* [Work to complete]: Wherever the listing holds a picture, leave it out, and copy the remainder exactly.

*** Data segment ***

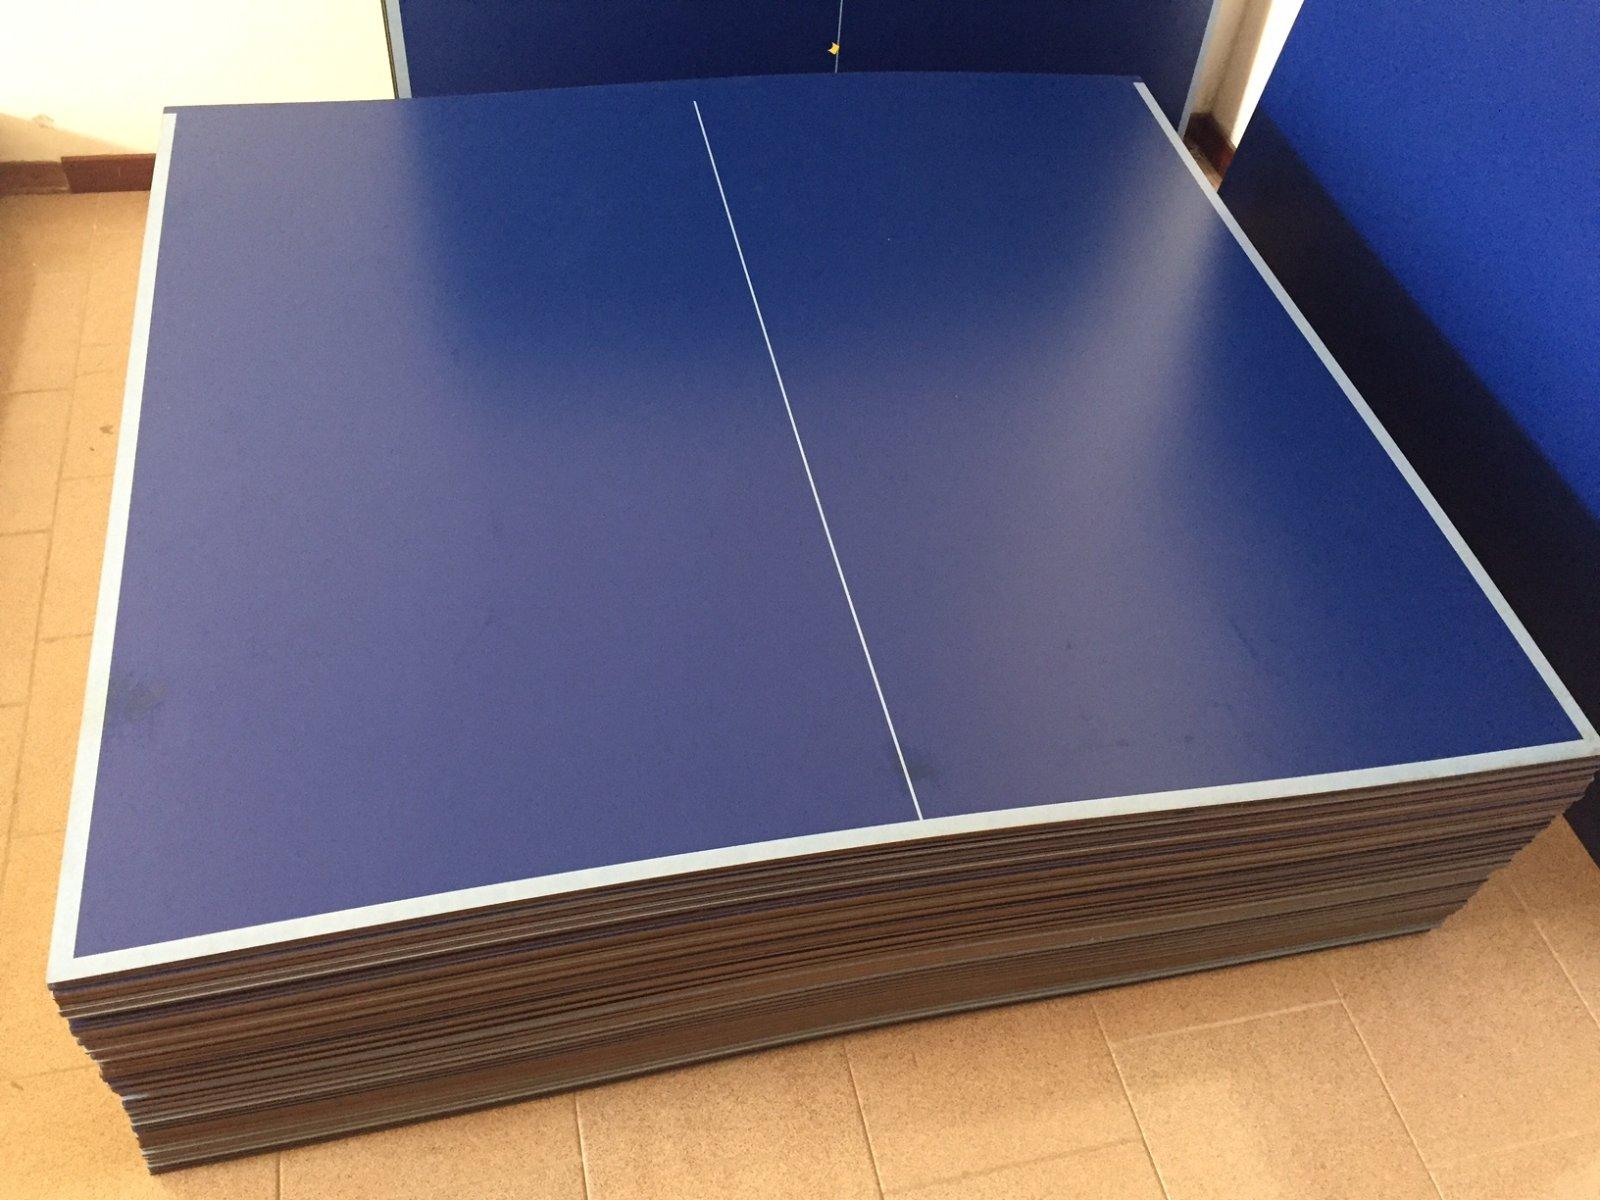 Coppia basi piani pannelli 3 scelta tavolo ping pong - Materiale tavolo ping pong ...
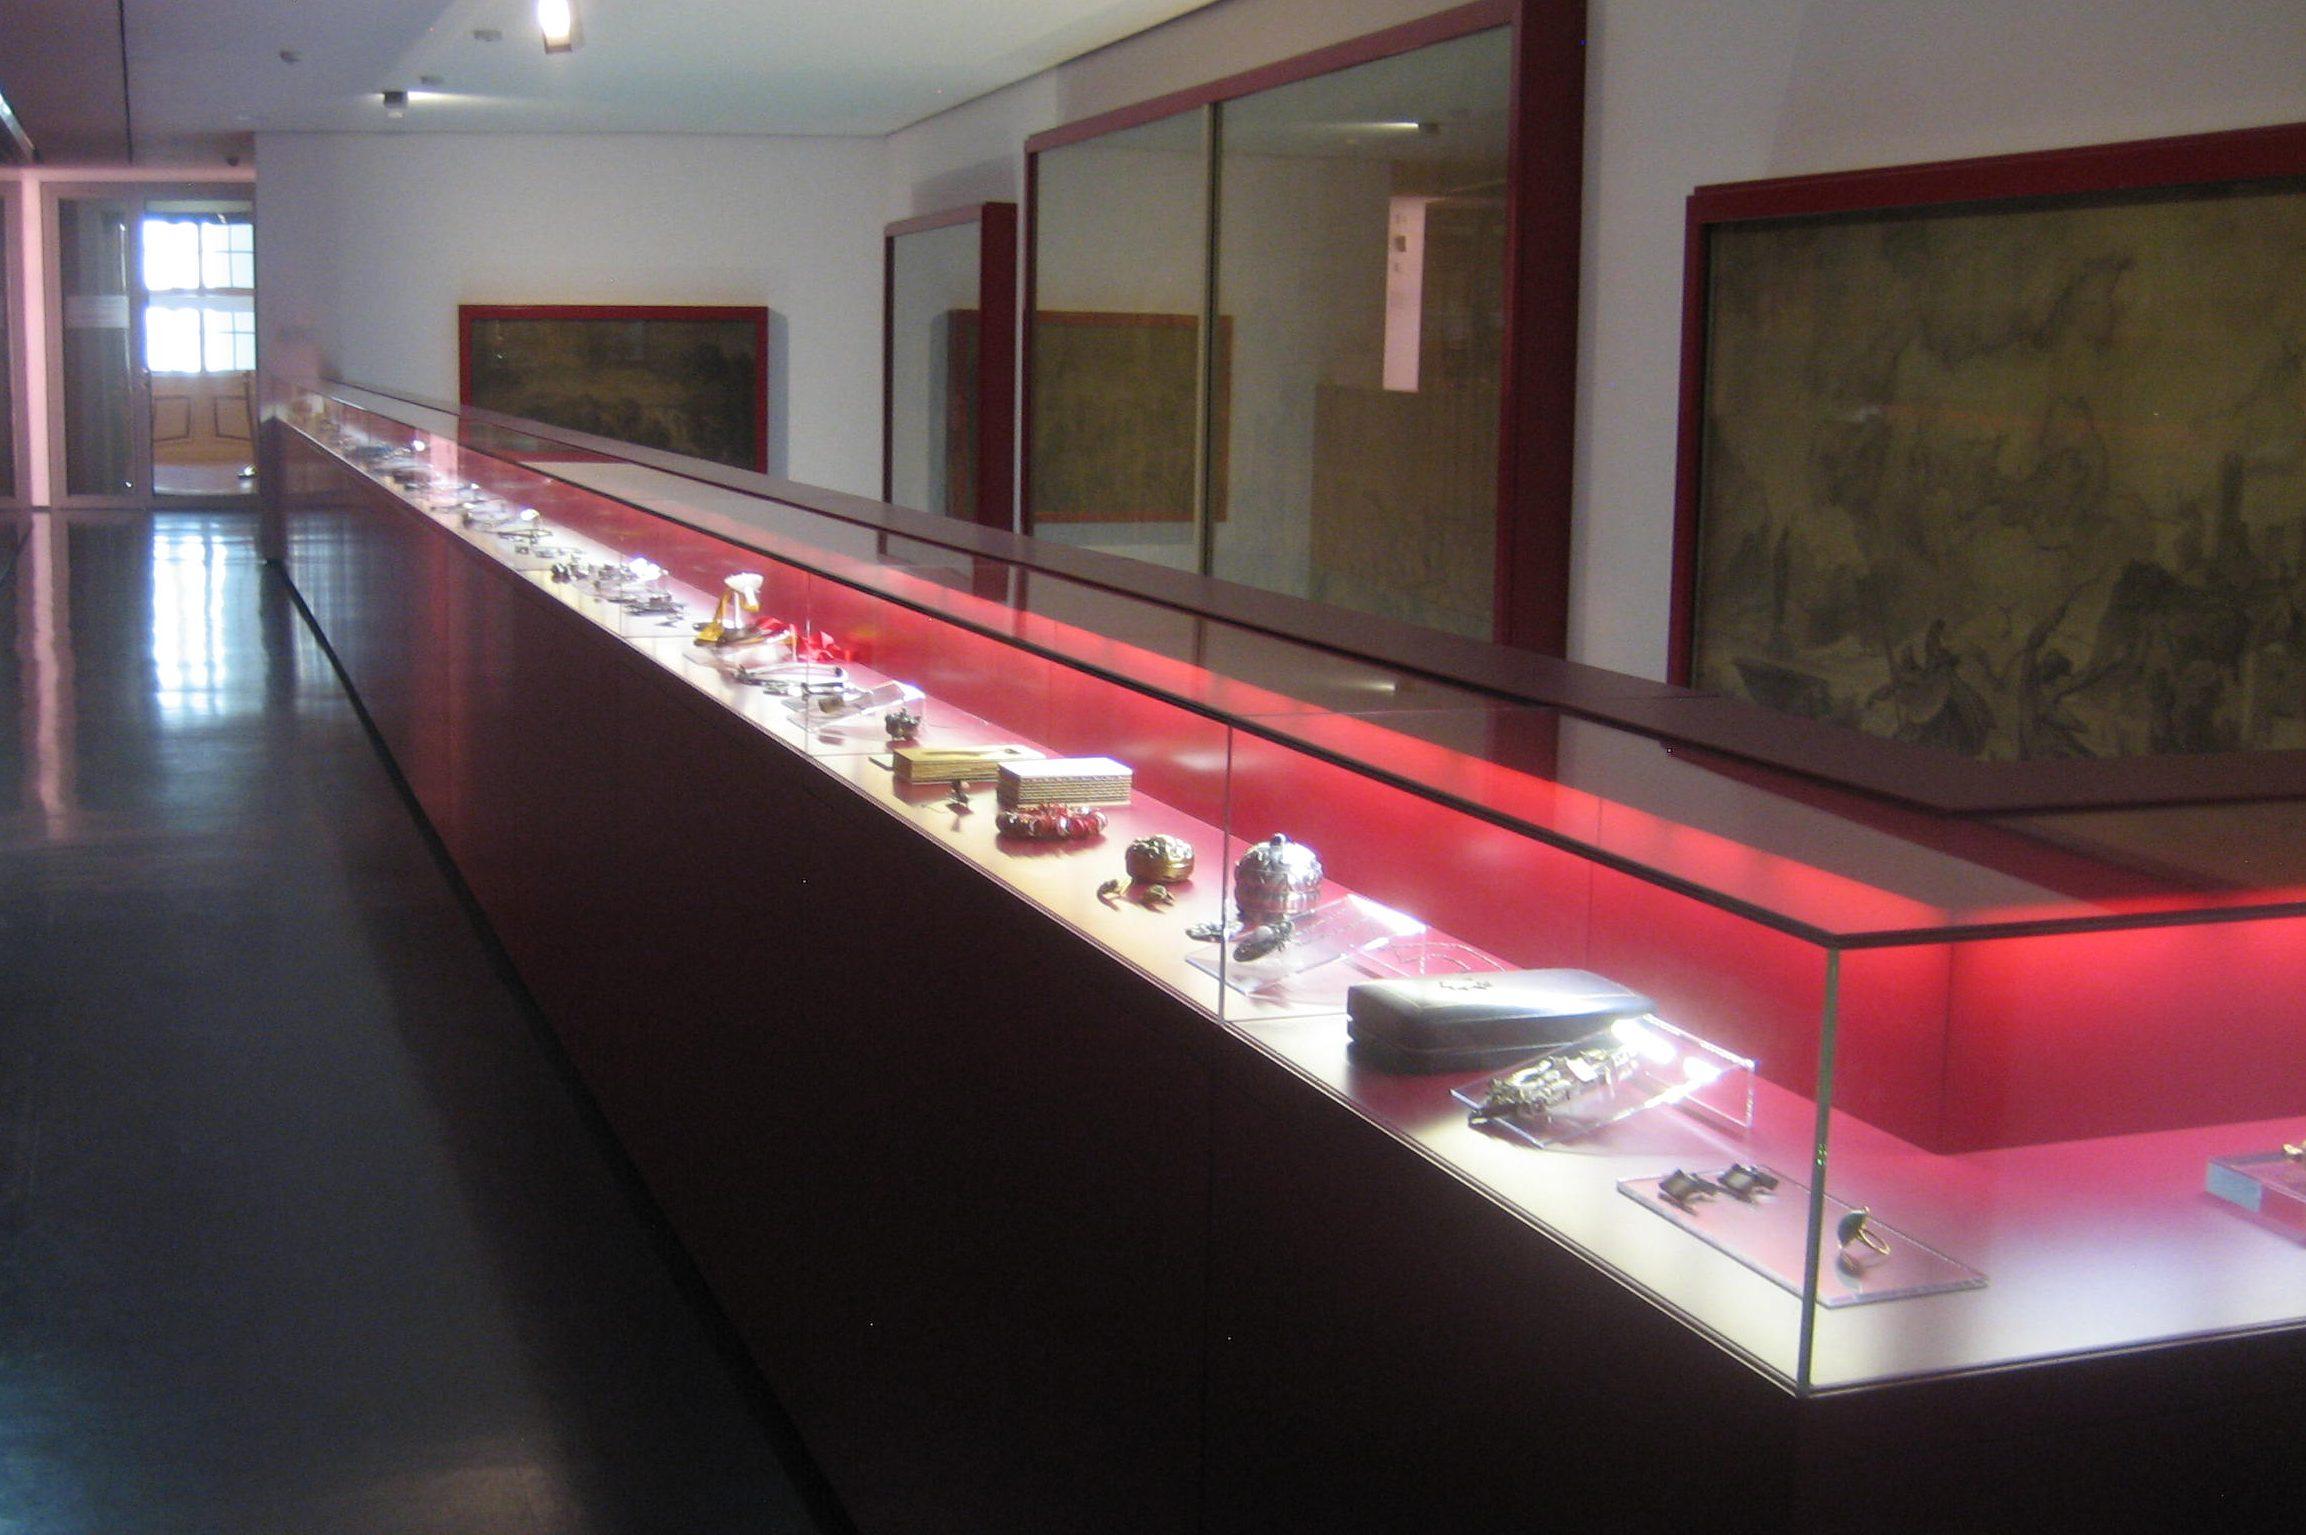 Angermuseum, opstelling sieraden. Foto Esther Doornbusch, mei 2018, CC BY 4.0
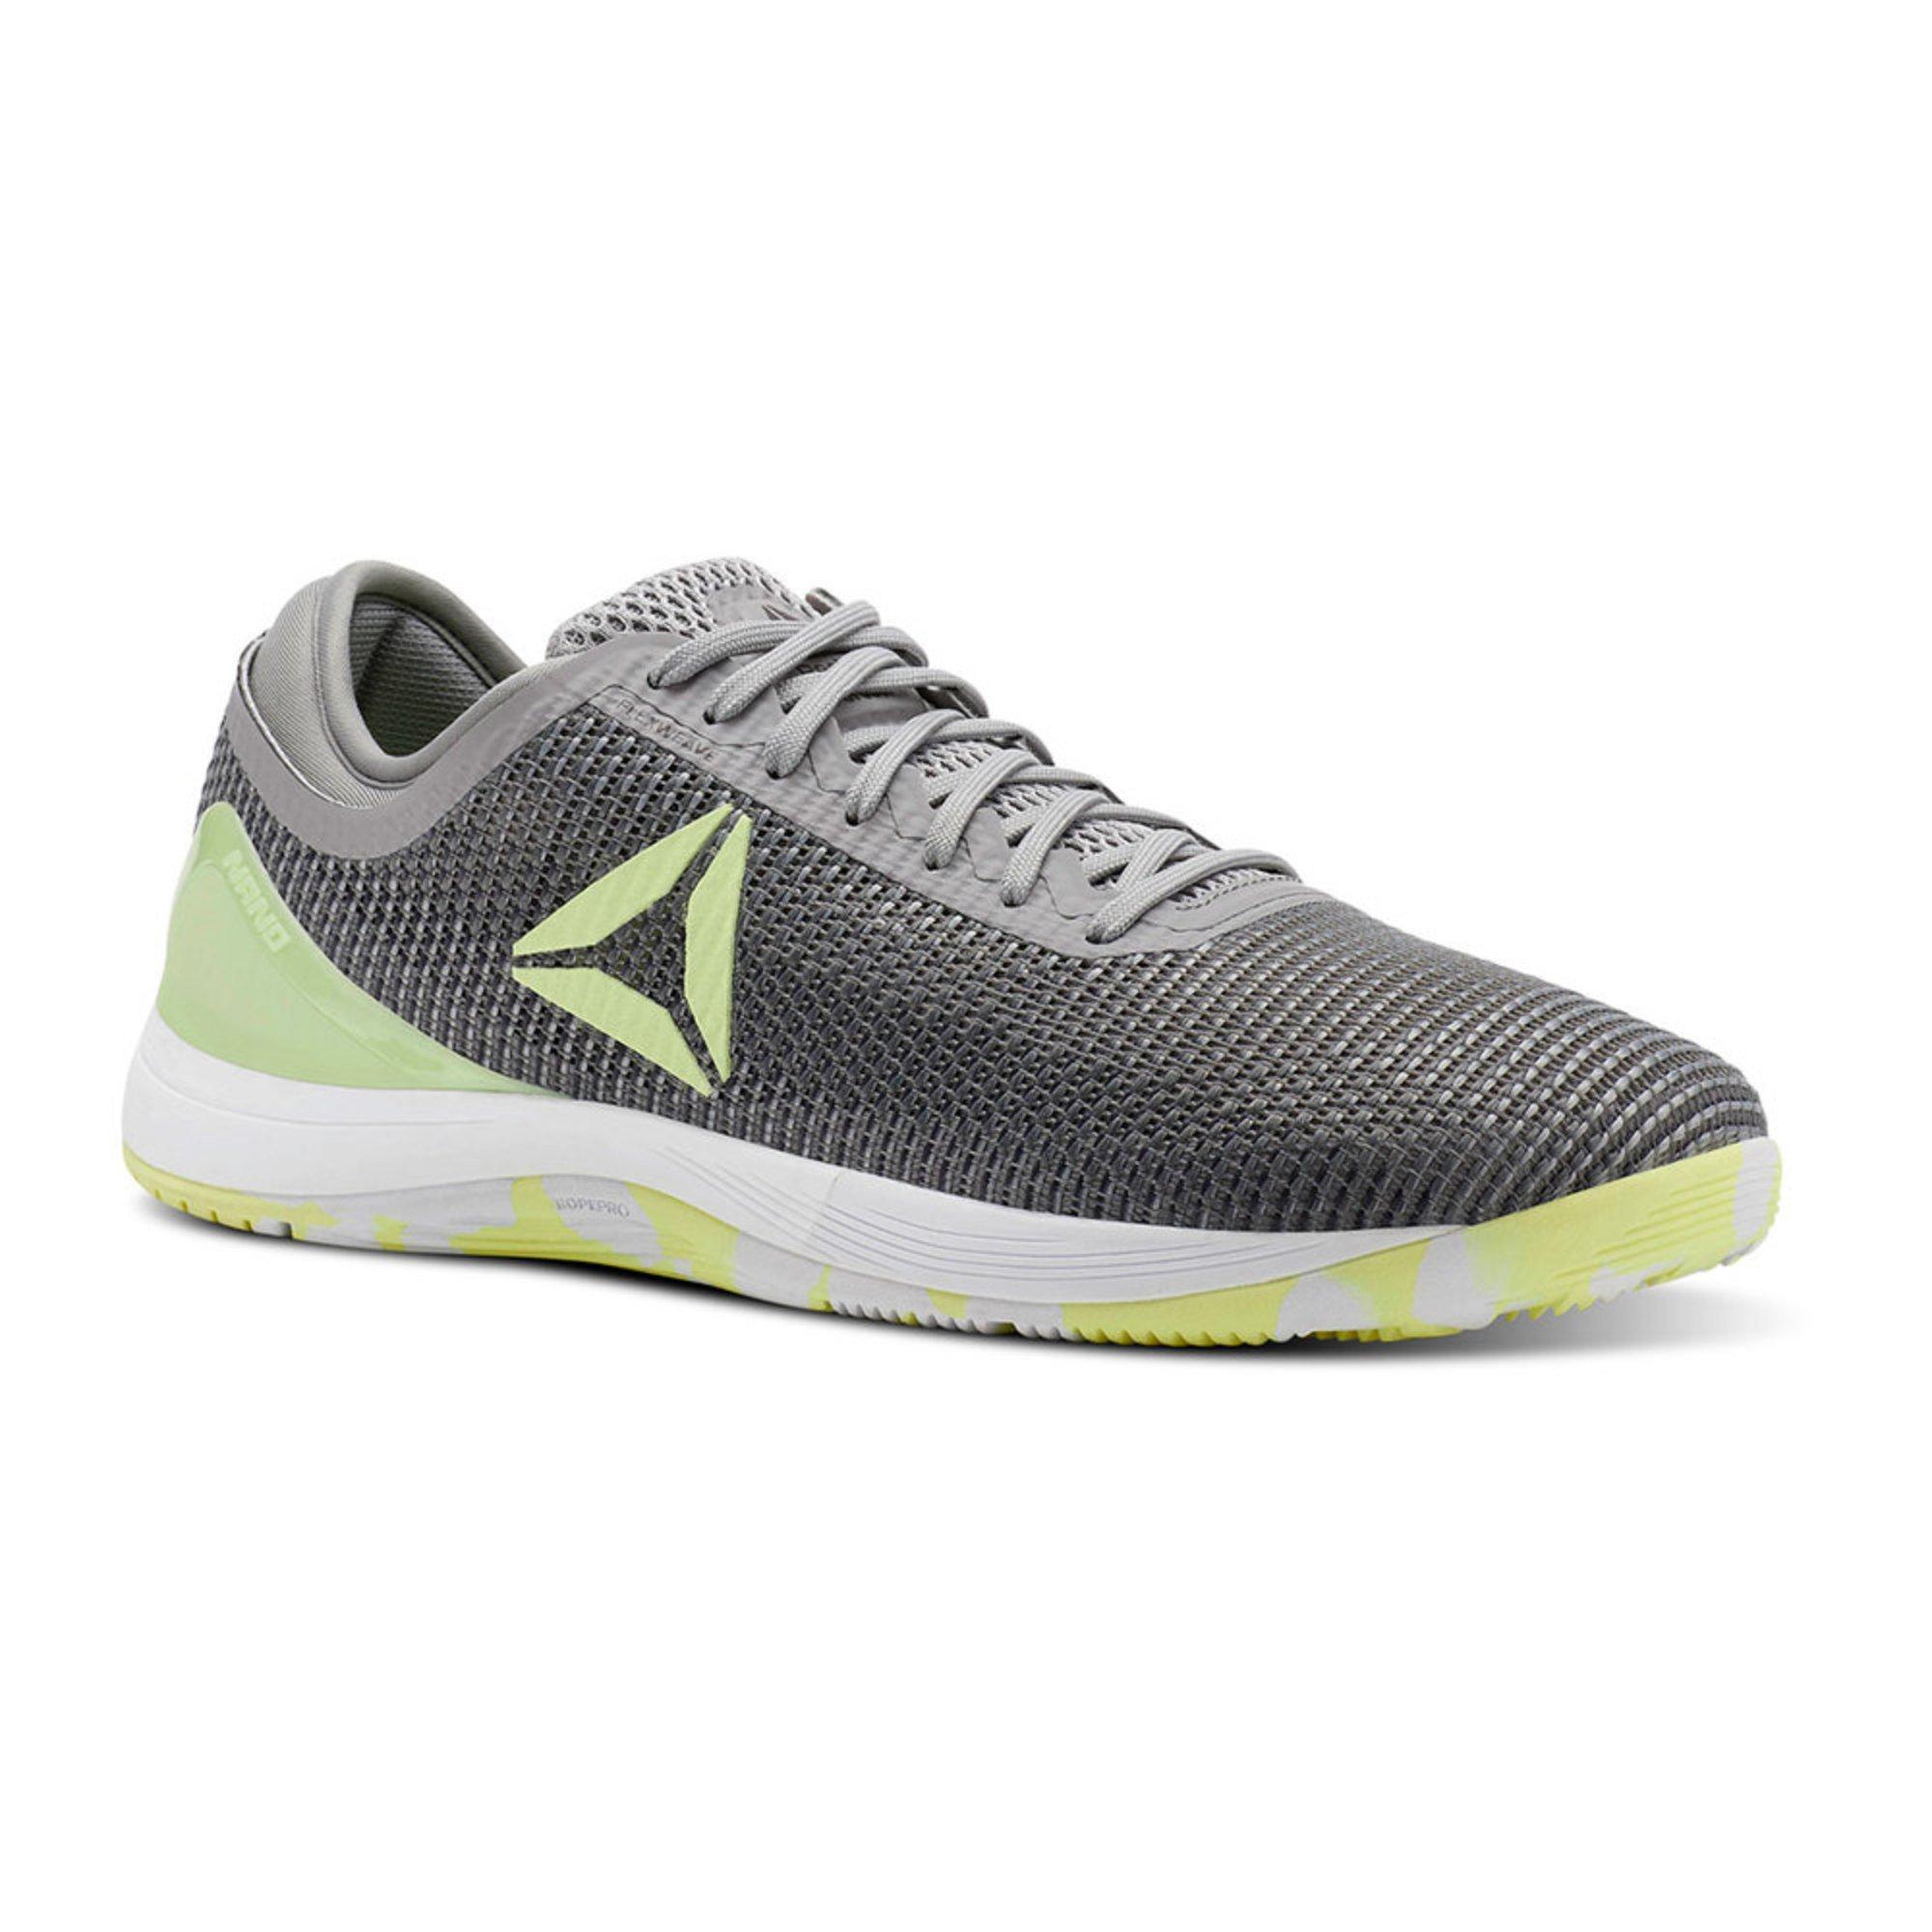 Reebok Men s Crossfit Nano 8.0 Crossfit Training Shoe  5da5a878b

*** End of Data segment ***

* [Response box]:
 Coppia basi piani pannelli 3 scelta tavolo ping pong - Materiale tavolo ping pong ...
 Angermuseum, opstelling sieraden. Foto Esther Doornbusch, mei 2018, CC BY 4.0
 Reebok Men s Crossfit Nano 8.0 Crossfit Training Shoe  5da5a878b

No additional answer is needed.